When I pursued the topic, my doctor reminded me of the Swan for Life Foundation and their services--acupuncture, a dietitian, a counselor, etc. These are all 'outside' of the services medical professionals provide; they're not covered by insurance.

So for these past several weeks I've been staying present with my feelings and emotions as they arose and faded, no matter how uncomfortable it was for me. I did my best not to fight them or try to figure them out (analyzing or judging), letting them come and go in their own time. Letting go of resistance has helped me to move on...and open up. I've known: What I resist, persists.  When I feel my emotions and give them a voice, I can move on. When I whine, I get stuck. I want to move on...no more whining!

Only a small part of my cancer experience is about medicine. Most of it is about feelings and faith, losing and finding my identity and discovering strength and flexibility I never knew I had.

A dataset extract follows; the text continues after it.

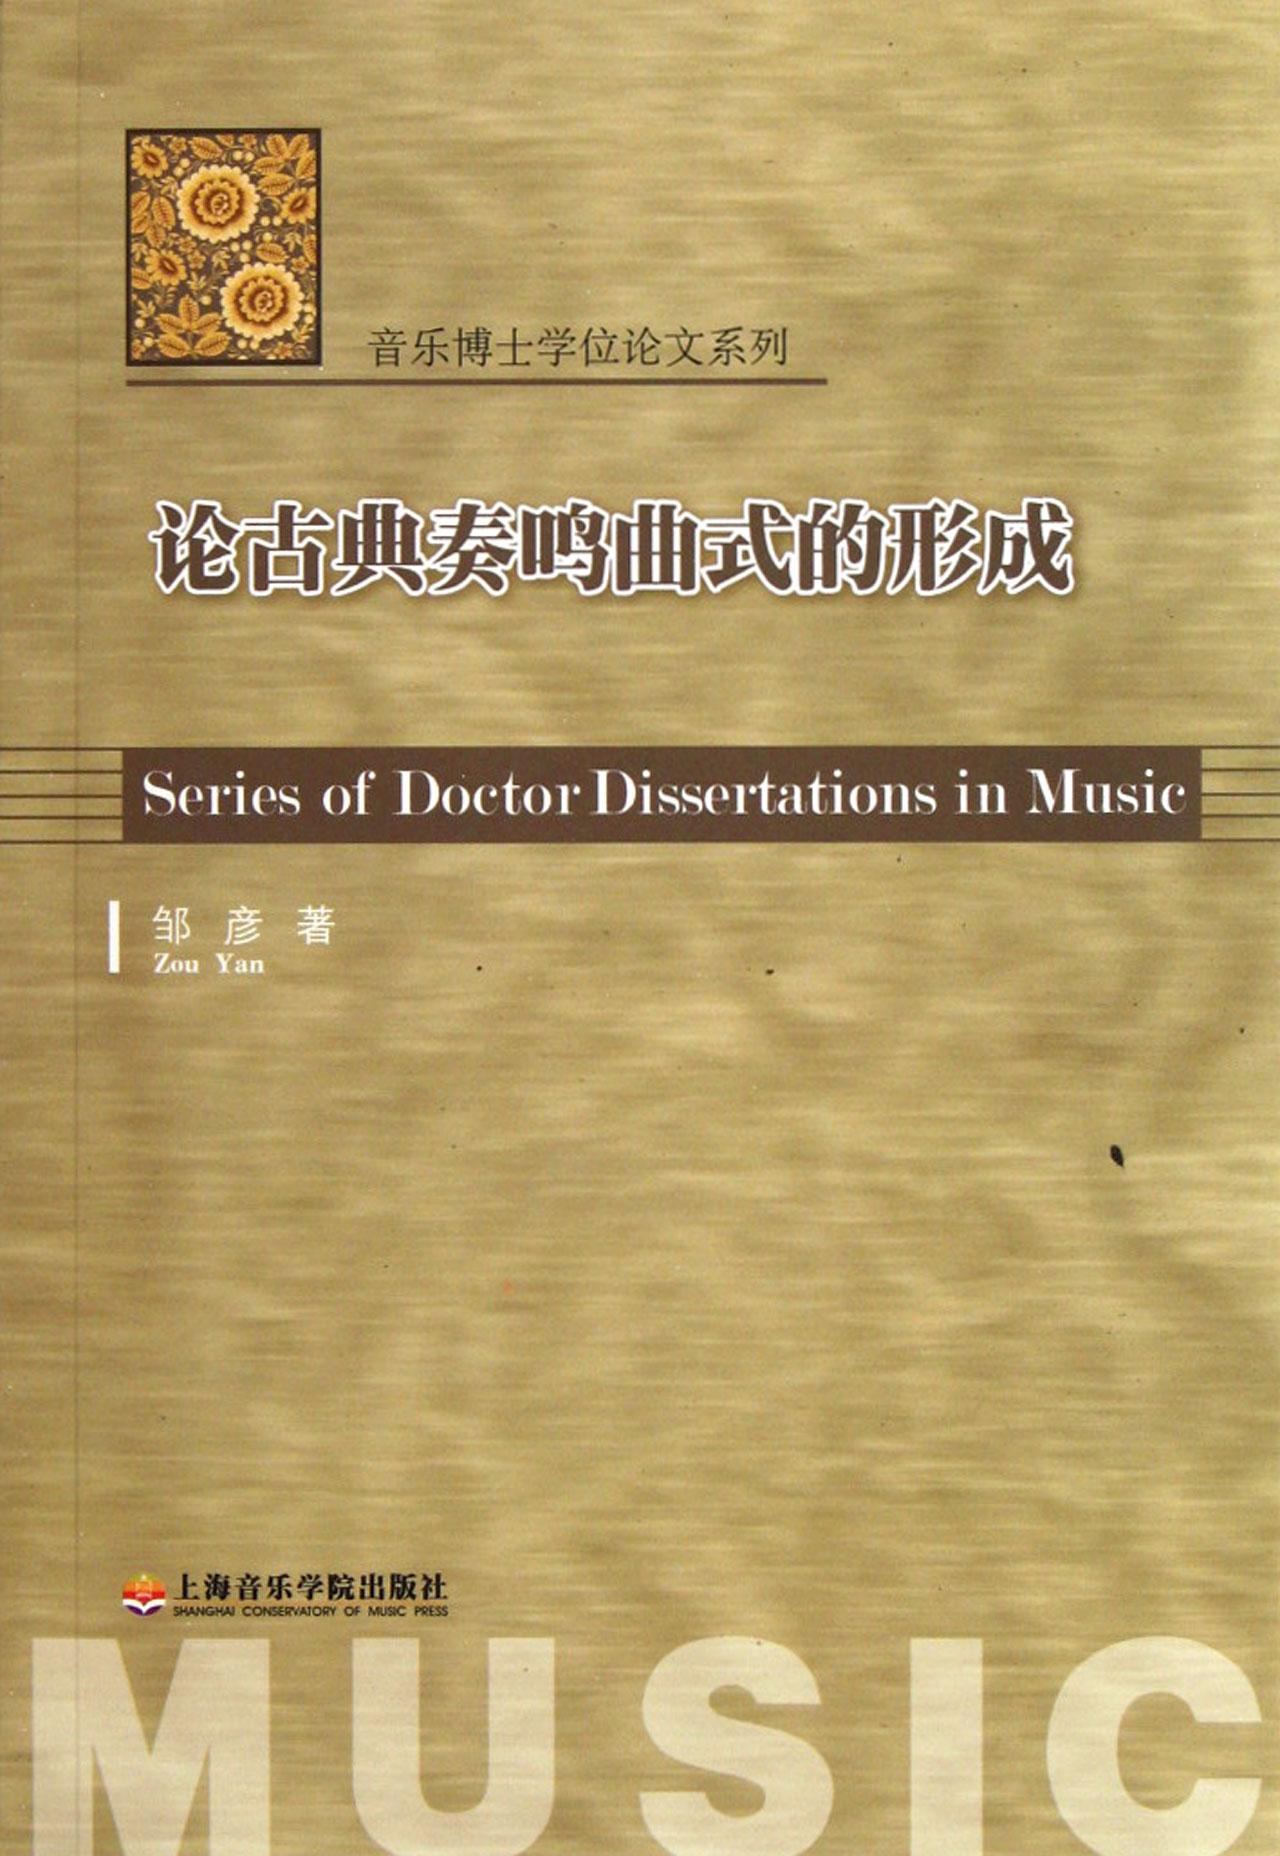 《论古典奏鸣曲式的形成》是一篇关于古典奏鸣曲式形成的论文,所研究的时间跨度约在17001780年间。《论古典奏鸣曲式的形成》共分上、下两篇。 上篇探讨了古典奏鸣曲式的雏形二段式与三段式是如何具有了古典奏鸣曲式的调性布局和结构规划,并主要以咏叹调和独奏协奏曲为主探讨了18世纪奏鸣风格的发展。 下篇主要是从交响曲和独奏奏鸣曲两个方面对古典奏鸣曲式的形成进行了探讨,并对主要作曲家的作品进行了研究,对每位作曲家在古典奏鸣曲式形成过程中的历史贡献作了总结。 在此过程中,作者邹彦主要提出了以下观点: 1.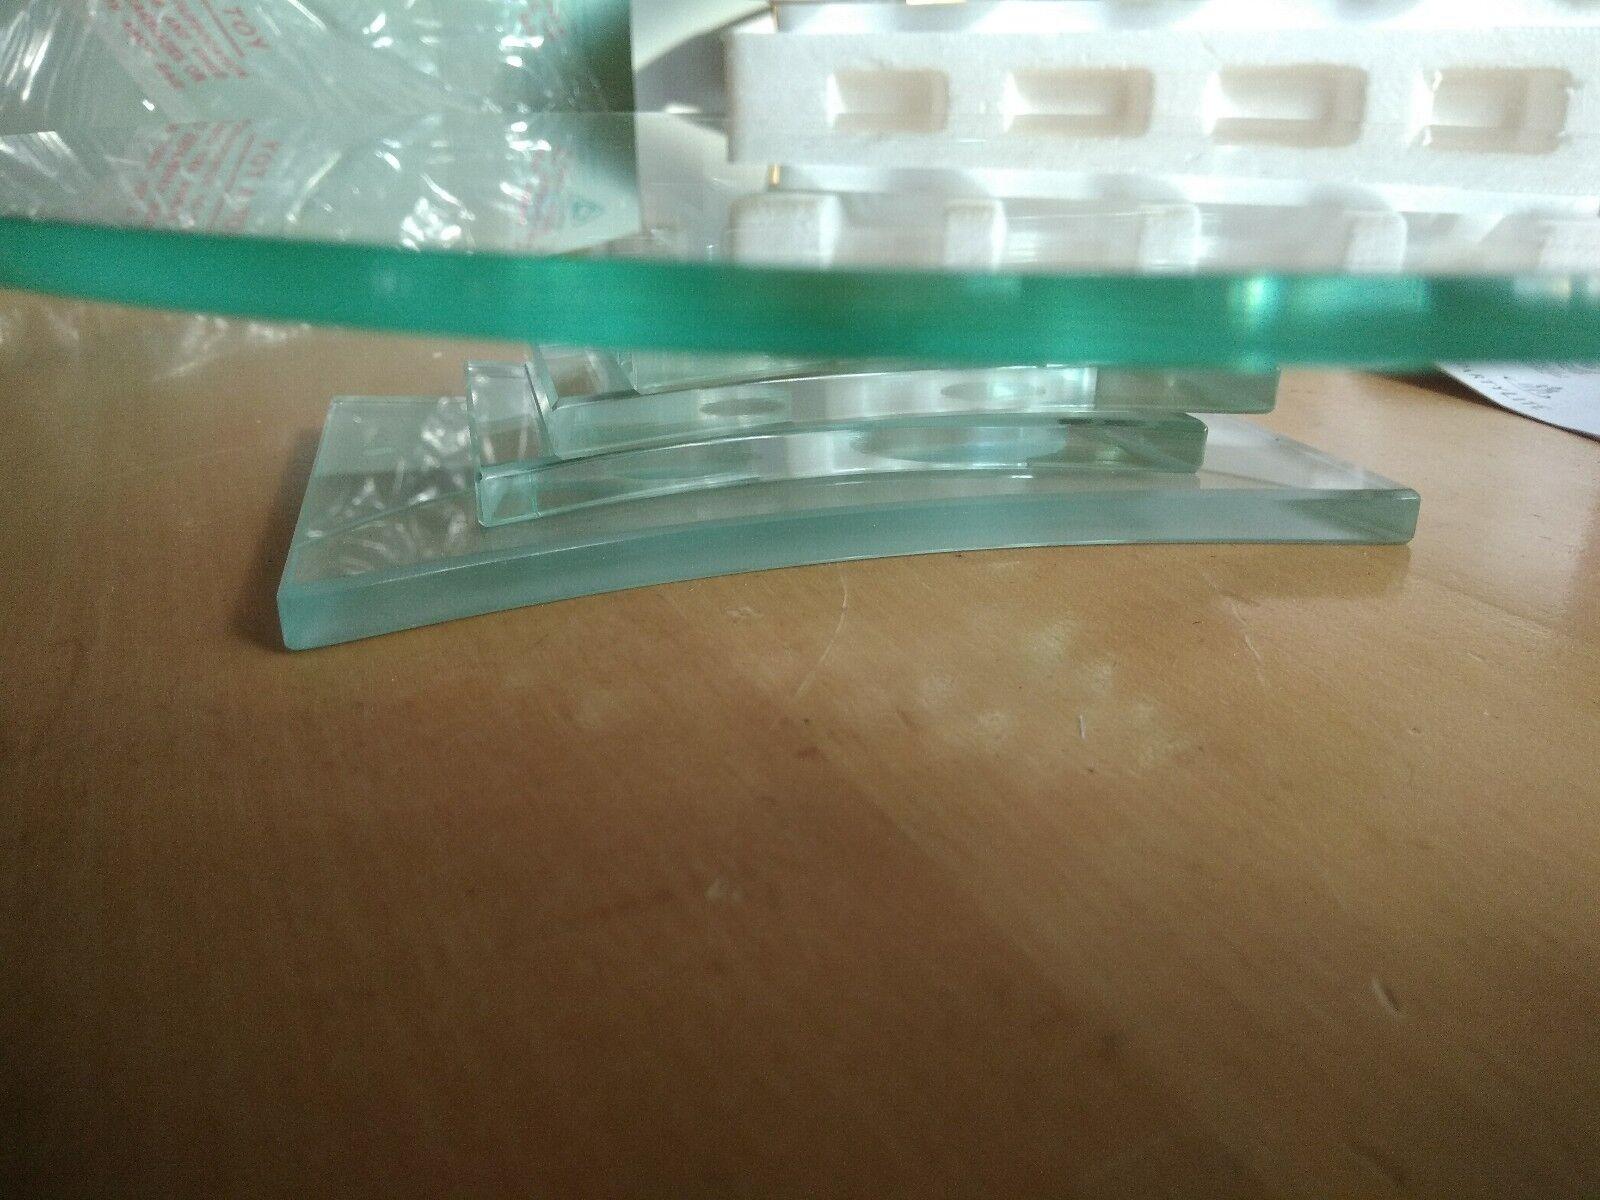 Partylite 3-Docht Kerzenhalter Kerzenhalter Kerzenhalter der Serie  Stratus   NEU OVP  | Zu einem niedrigeren Preis  1c82cb

I have lots more I want to share with all of you and I will in future blogs. These past weeks I've mostly been reading and learning more about my body and how it functions and evaluating studies and information to come to a decision of what path I want to pursue for healing of my body.

Many of you have commented about my 'positive attitude' and how that is of great value to my healing. I agree. I've come to the conclusion that no matter what decision I make--as long as I believe it is the right one for me--it will be successful. So, again, I'm back to working on my head to embrace fully the decisions that I make.

THANKS: Again, I thank all of you for your prayers, good wishes, uplifting words, encouragement and healing energy. Your thoughtfulness and concern has been overwhelming. I have been touched beyond measure. I'm blessed by your graces.

I'm continuing to work at answering your emails.